Separately, finding no First Amendment infirmity in the licensed notice is consistent with earlier Court rulings. For instance, in Zauderer we upheld a requirement that attorneys disclose in their advertisements that clients might be liable for significant litigation costs even if their lawsuits were unsuccessful. We refused to apply heightened scrutiny, instead asking whether the disclosure requirements were “reasonably related to the State’s interest in preventing deception of consumers.”
The majority concludes that Zauderer does not apply because the disclosure “in no way relates to the services that licensed clinics provide.” But information about state resources for family planning, prenatal care, and abortion is related to the services that licensed clinics provide. These clinics provide counseling about contraception (which is a family-planning service), ultrasounds or pregnancy testing (which is prenatal care), or abortion. The required disclosure is related to the clinic’s services because it provides information about state resources for the very same services. A patient who knows that she can receive free prenatal care from the State may well prefer to forgo the prenatal care offered at one of the clinics here. And for those interested in family planning and abortion services, information about such alternatives is relevant information to patients offered prenatal care, just as Casey considered information about adoption to be relevant to the abortion decision.
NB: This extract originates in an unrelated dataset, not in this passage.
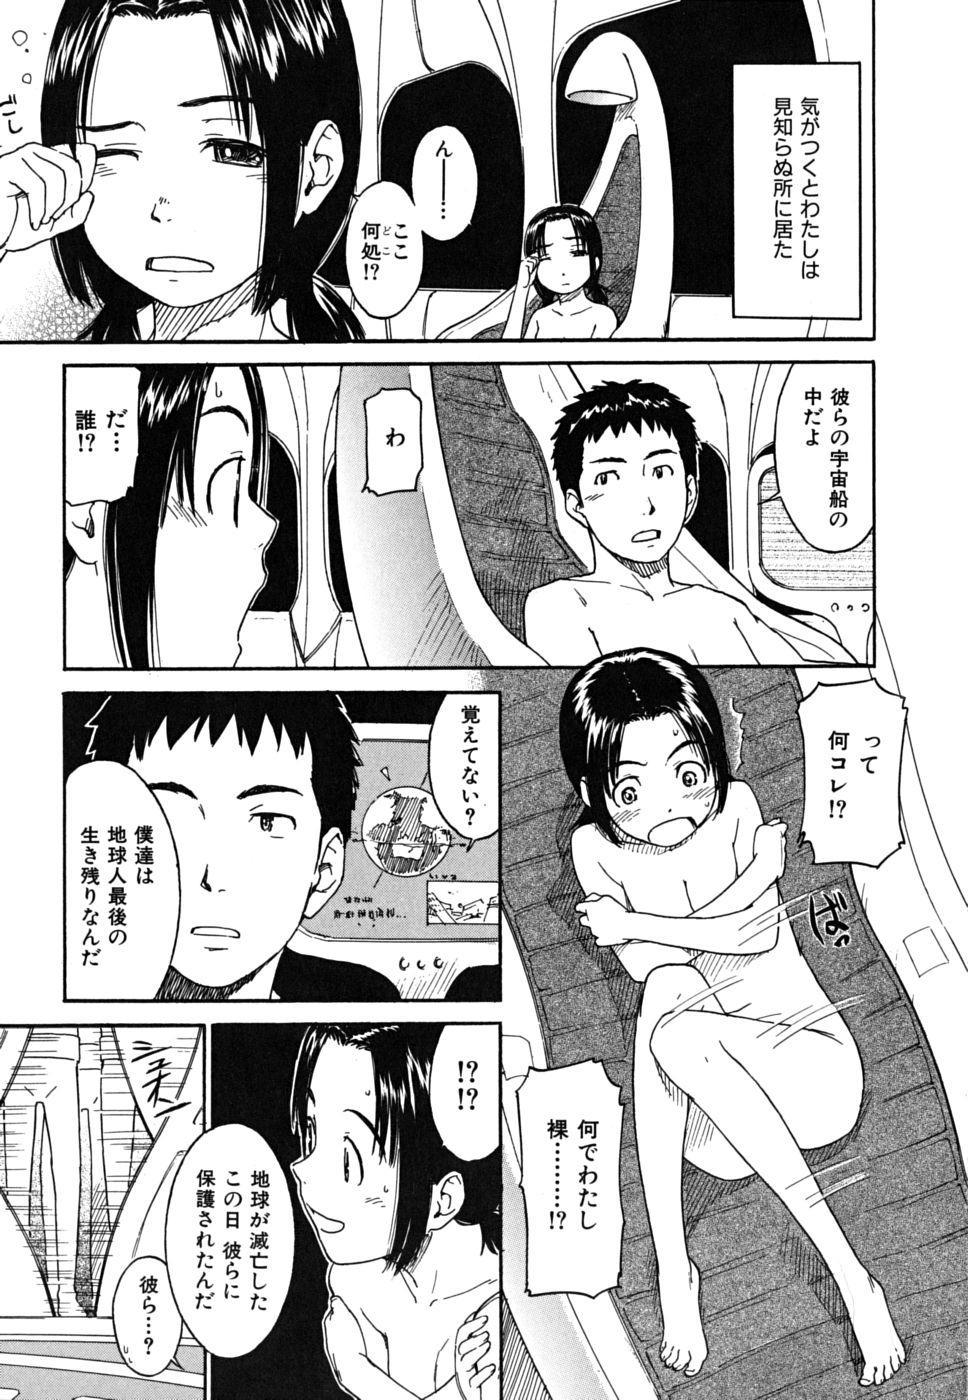 Shoujo Material 122

… A disclosure requirement does not prevent speakers “from conveying information to the public,” but “only require[s] them to provide somewhat more information than they might otherwise be inclined to present.” Where a State’s requirement to speak “purely factual and uncontroversial information” does not attempt “to ‘prescribe what shall be orthodox in politics, nationalism, religion, or other matters of opinion or force citizens to confess by word or act their faith therein,’ ” it does not warrant heightened scrutiny …
Relatedly, the majority suggests that the Act is suspect because it covers some speakers but not others. I agree that a law’s exemptions can reveal viewpoint discrimination (although the majority does not reach this point). “ ‘[A]n exemption from an otherwise permissible regulation of speech may represent a governmental “attempt to give one side of a debatable public question an advantage in expressing its views to the people.” ’ ” McCullen. Such speaker-based laws warrant heightened scrutiny “when they reflect the Government’s preference for the substance of what the favored speakers have to say (or aversion to what the disfavored speakers have to say).” Turner Broadcasting System, Inc. Accordingly, where a law’s exemptions “facilitate speech on only one side of the abortion debate,” there is a “clear form of viewpoint discrimination.” McCullen.
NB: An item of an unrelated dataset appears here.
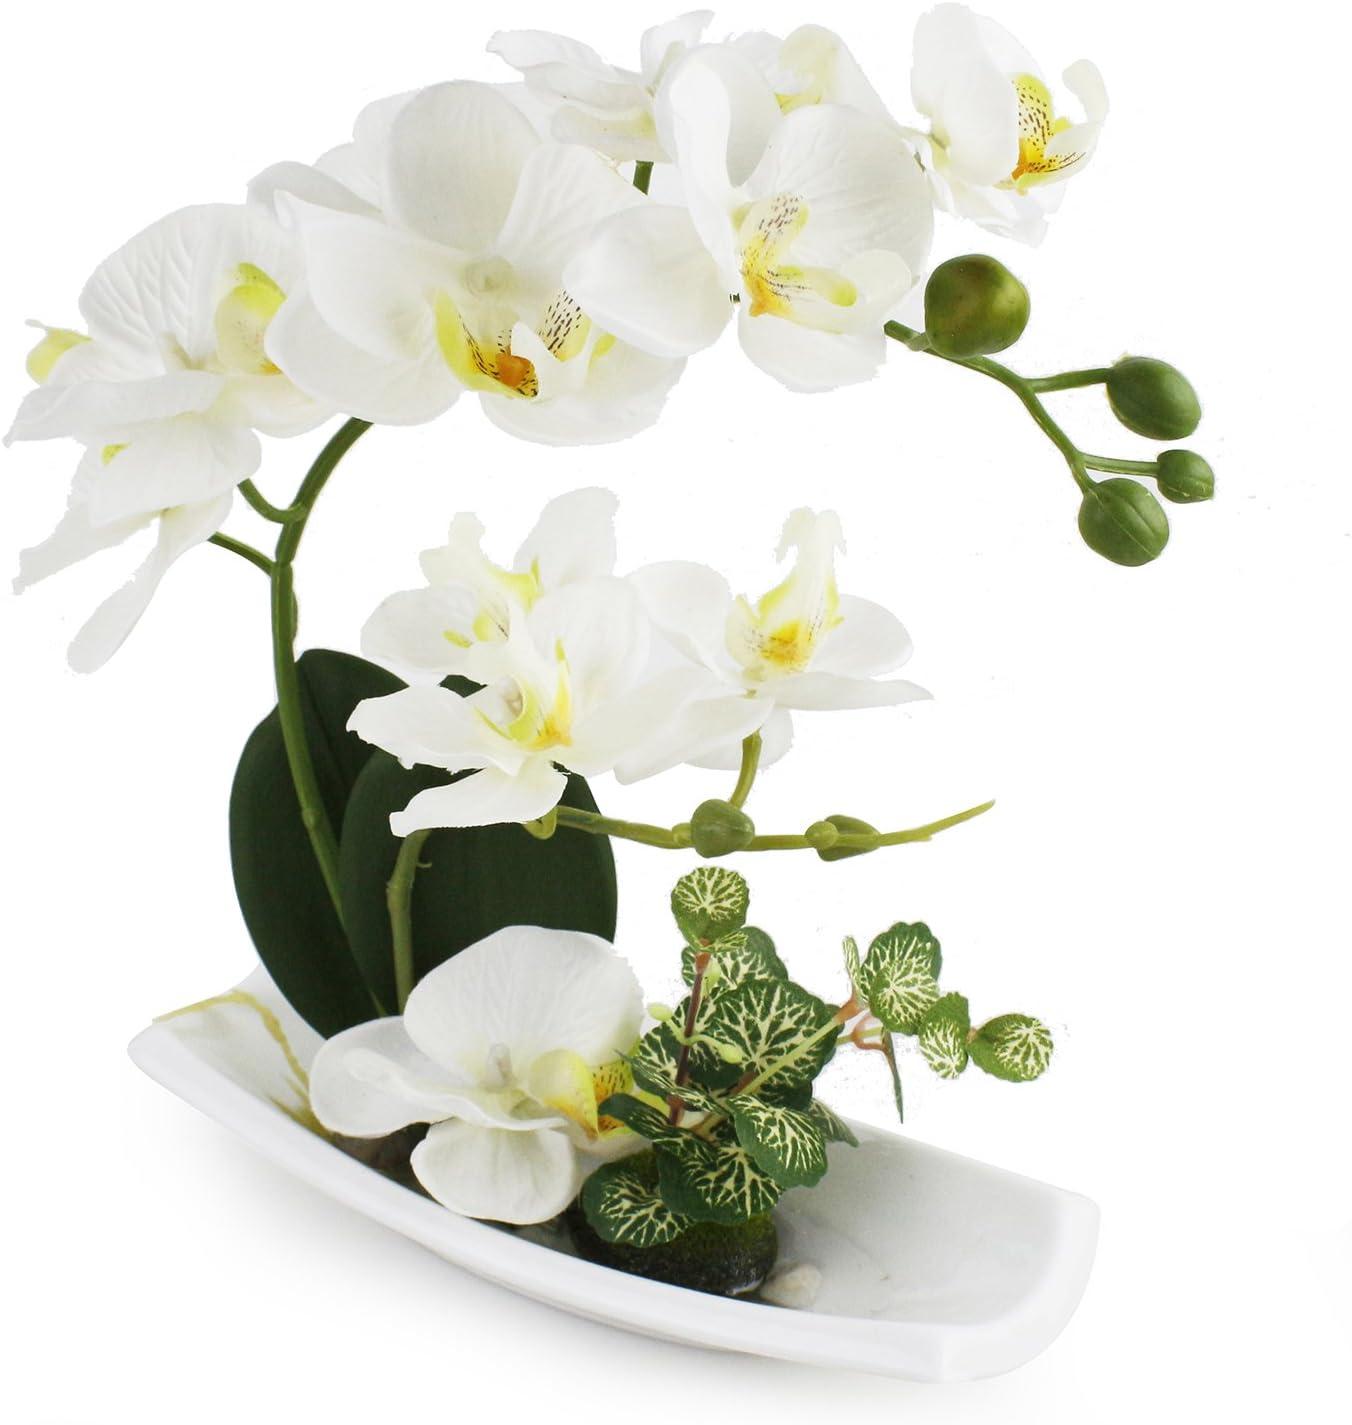 Artificial Orchids Arrangement in White ceramic Vase

There is no cause for such concern here. The Act does not, on its face, distinguish between facilities that favor pro-life and those that favor pro-choice points of view. Nor is there any convincing evidence before us or in the courts below that discrimination was the purpose or the effect of the statute …
For these reasons I would not hold the California statute unconstitutional on its face, I would not require the District Court to issue a preliminary injunction forbidding its enforcement, and I respectfully dissent from the majority’s contrary conclusions.